Paralysis Finds Cure In New Chip: Tech Offers Hope To Spinal Injuries, Quadriplegics
Paralysis is something that anyone will not want to fall into, a state which takes away the ability to move one’s extremities. Such occurs only in extremes when a person incurs some sort of freakish spinal injury and many have seen a lot go through it.
Sports is a leading source, seeing athletes suffer from it and left immobile. Celebrities have had their share of it as well, calling to mind the likes of the late Christopher Reeve popular for portraying Superman back in the late 70s.
Reeves ended up a quadriplegic back in 1995 when he was thrown off a horse during an equestrian competition in Virginia. He passed away in 2004, spending his later life stages in a wheelchair and a portable ventilator.
In the present day, Ian Burkhart has somehow suffered the same fate only that he incurred paralysis when he dove into a beach off the Outer Banks of North Carolina which resulted in him breaking his neck.
That happened five years ago and Burkhart had been paralyzed ever since. There is no telling if he could one day make use of his hands and legs though a recent report could be a small step towards that direction.

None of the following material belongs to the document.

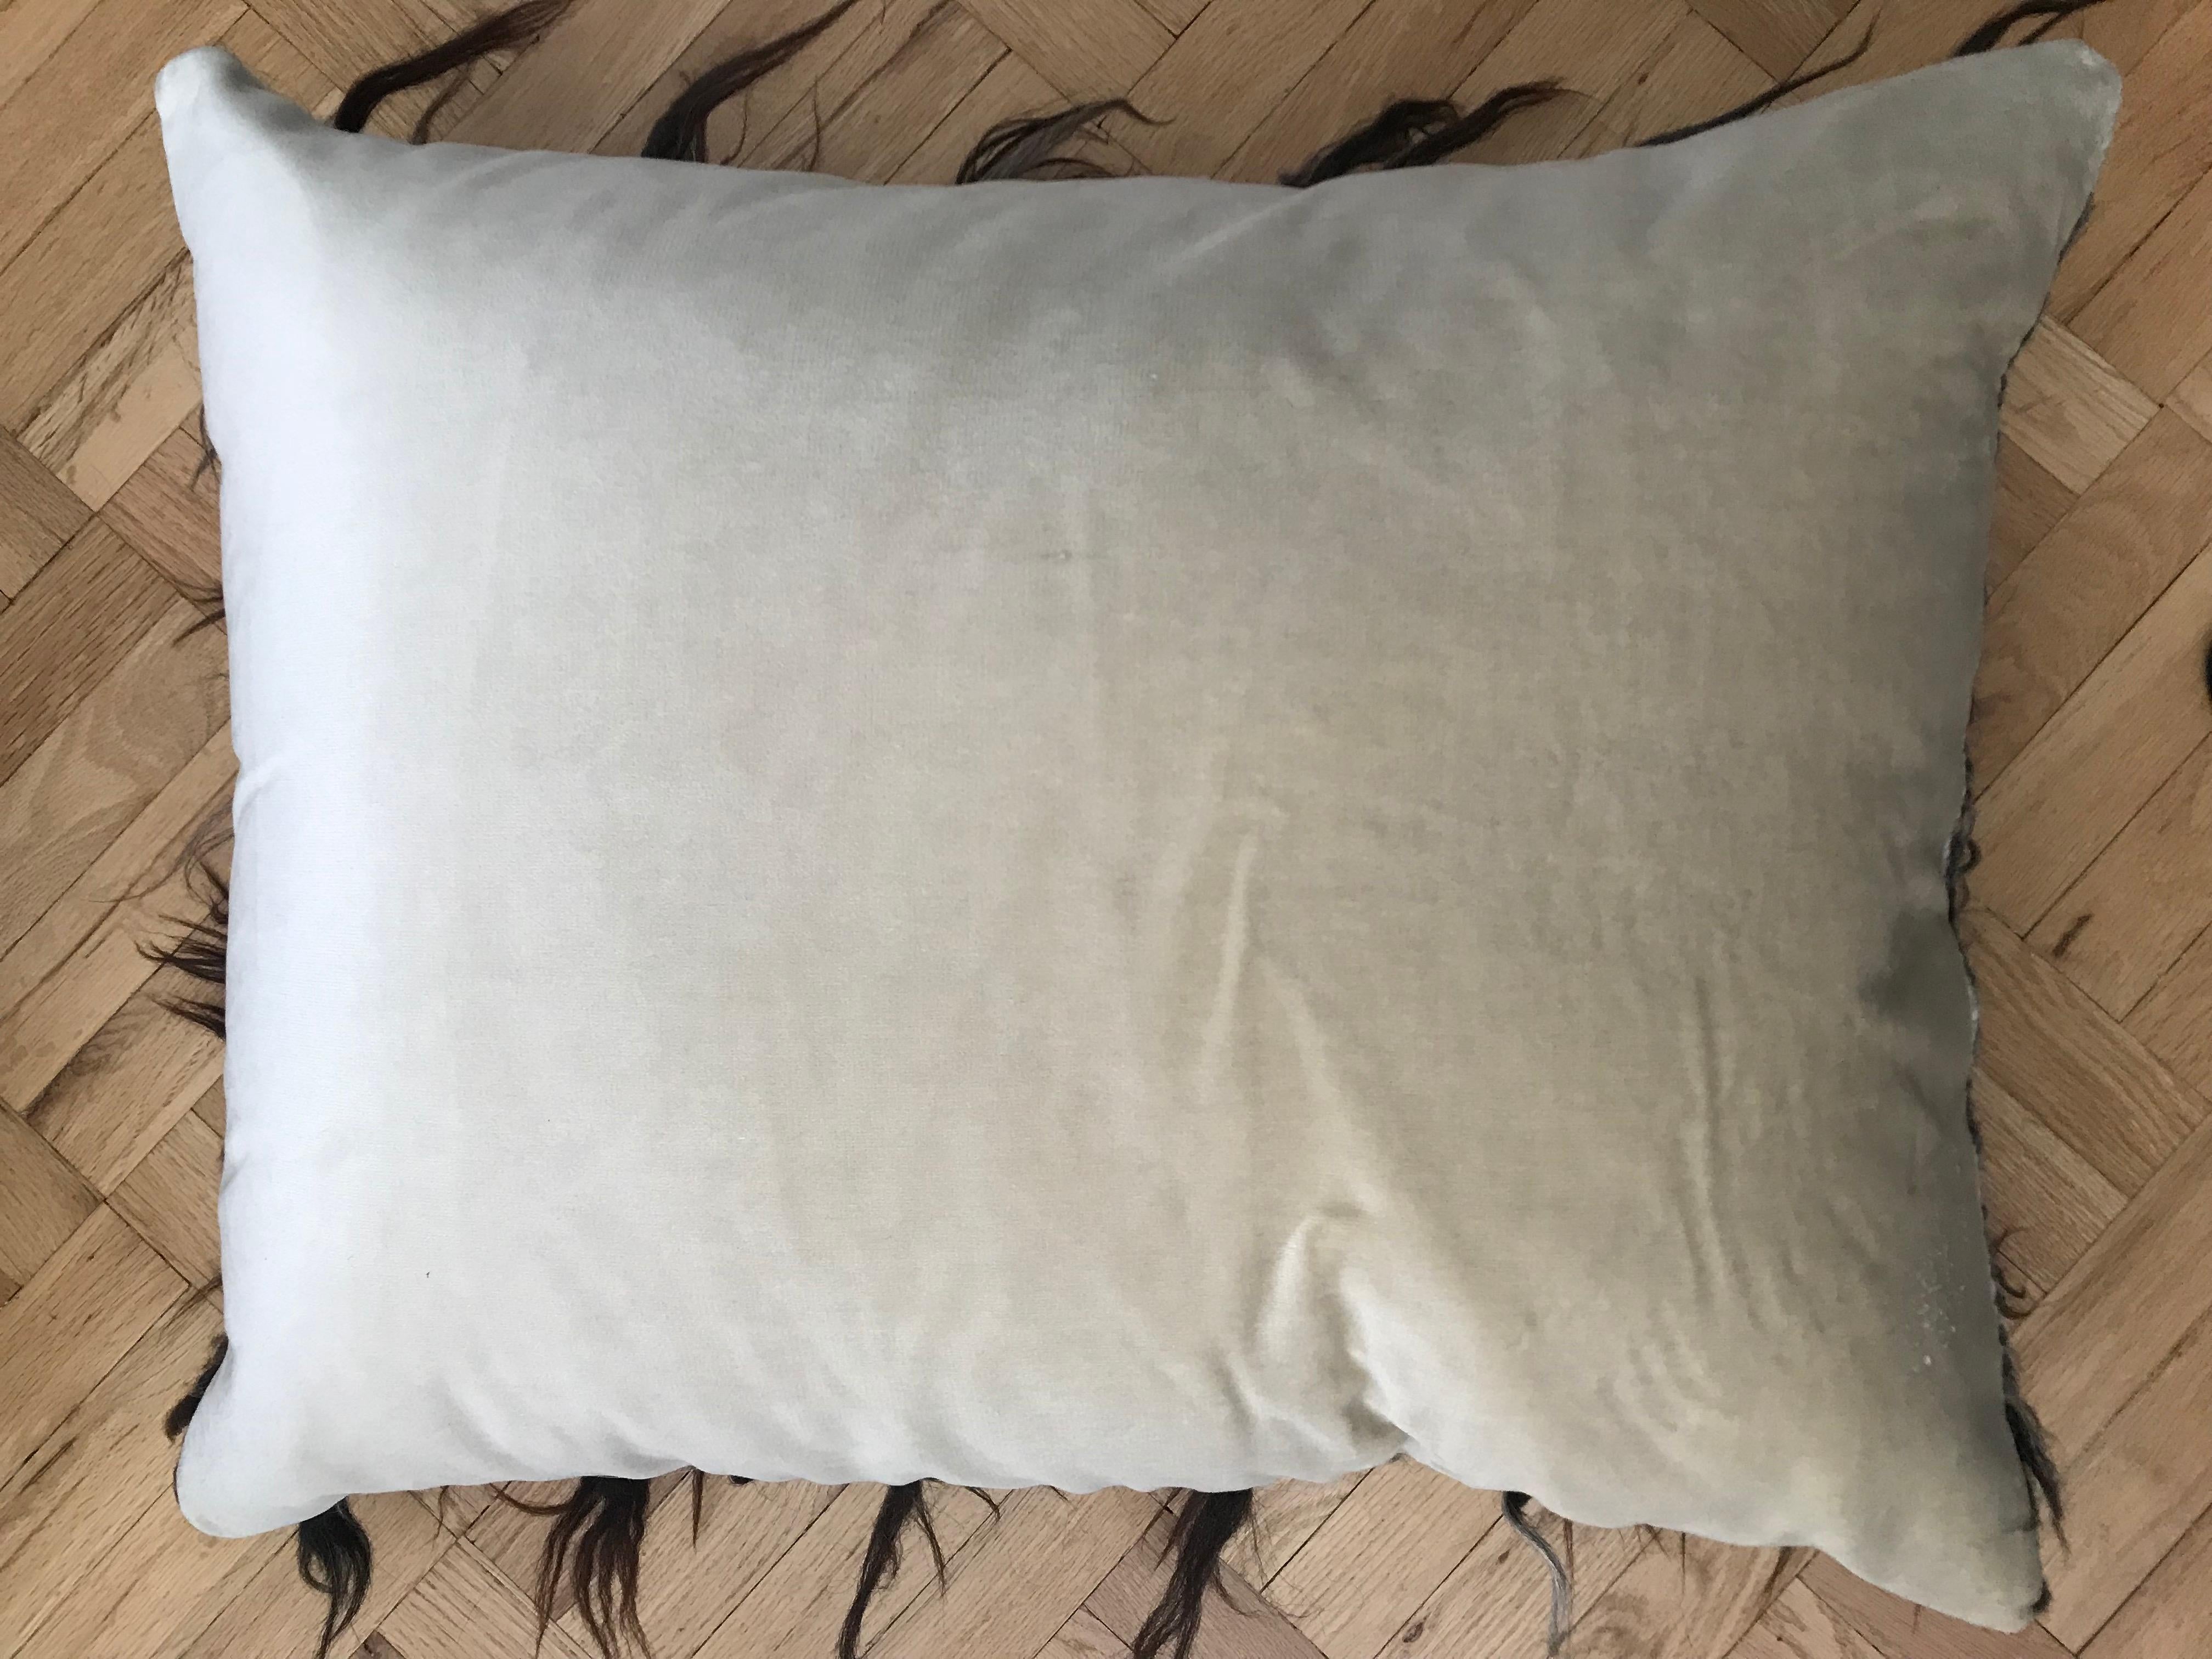 Hand-Woven Black and White 'Trousseau' Handwoven Felted Organic Wool Pillow For Sale

With the help of technology, a new chip was reportedly inserted into his brain two years back and now the 24-year-old has regained control over his right hand and fingers. The chip apparently transmits his thoughts to his hand and muscles which bypass his spinal injury. The study was published on Nature and is the first positive note when it comes to limb reanimation.
“It’s crazy because I had lost sensation in my hands, and I had to watch my hand know whether I was squeezing or extending the fingers,” Mr. Burkhart via the NY Times.
While the breakthrough seems amazing, it is still not considered as a cure for paralysis. While the development is a positive sign, researchers admit that the breakthrough needs a lot of work before it can address the true issue surrounding paralysis.
Thus, any new developments on this would depend on the progress of neural engineering. A positive look into it proves that the bypass approach could someday restore abilities to limbs without having to be directly connected to the brain.